You may have better luck twisting the inner strands to make a bow string.

----------


## canid

it has a fair bit of stretch, but it works fine on lower weight bows in a pinch, such as when making an improvised bow.

----------


## Old GI

> it has a fair bit of stretch, but it works fine on lower weight bows in a pinch, such as when making an improvised bow.


Beat me to it.  Nylon stretches quite a bit.

----------


## crashdive123

Yep, what everybody else said.

----------


## SARKY

It won't work because the nylon does stretch (yes I tried it) especially if you leave it under tension for a long time.

----------


## preachtheWORD

As a kid I made many, many "stick bows."  Paracord, and many other types of string, would not be a good choice if you are making a bow at home.  BUT if you are in a survival situation, just about any kind of cord will work for a bowstring.  You might have to pre-stretch it, but it will get the job done.

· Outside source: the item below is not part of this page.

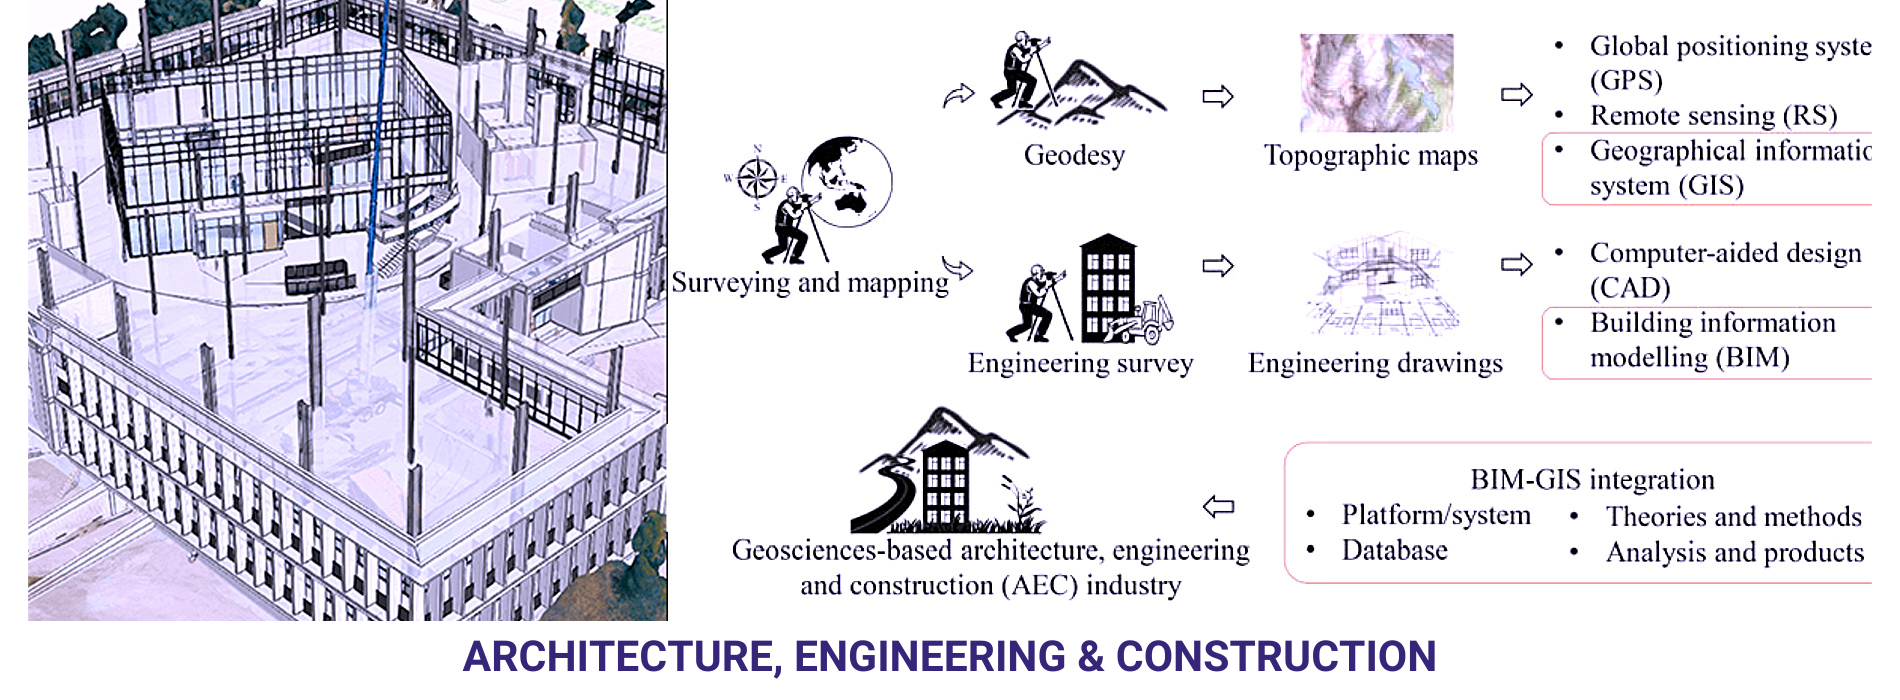 01 ARCHITECTURE, ENGINEERING & CONSTRUCTION_1

Keep in mind, though, that a bow might not be that handy in most survival situations.  Making a bow and arrows that are actually good enough to kill something will take up a lot of precious time and energy that might be better used building a shelter, setting up snares, or trying to find your way out of there.  But, in a long-term survival situation it would be worth the time.

----------


## AaronGTV

> is it possible to make a bow string with paracord?
> 
> ok im sure its possible but it might not work so well.
> 
> has anybody ever tried this?
> if so, how did it work?


Yes it works... I have done this with a 30 lb  Vortex Lite Compound Bow it will work in a pinch. wouldnt call it a standard. and I dont thing I would try it on my 90lb lol.

----------


## Jbird77

While it's not ideal if I was in a situation where paracord was all that I had you can bet that I'm going to do what I have to for it to be used as a bowstring.  I made a similar string out of binder's twine for my grandkids's youth pearson recurve bow string one time and it lasted a good while before wearing through.

----------


## Antonyraison

I am sure is totally possible, just depends on the Poundage you want

But yeah if you really want a nice one take out like 7 strands from like maybe 3 to 4 lengths and twist them all together.

----------


## Chī

Agreed I twist five to eight (inner strands) depending on how strong your pull is.

----------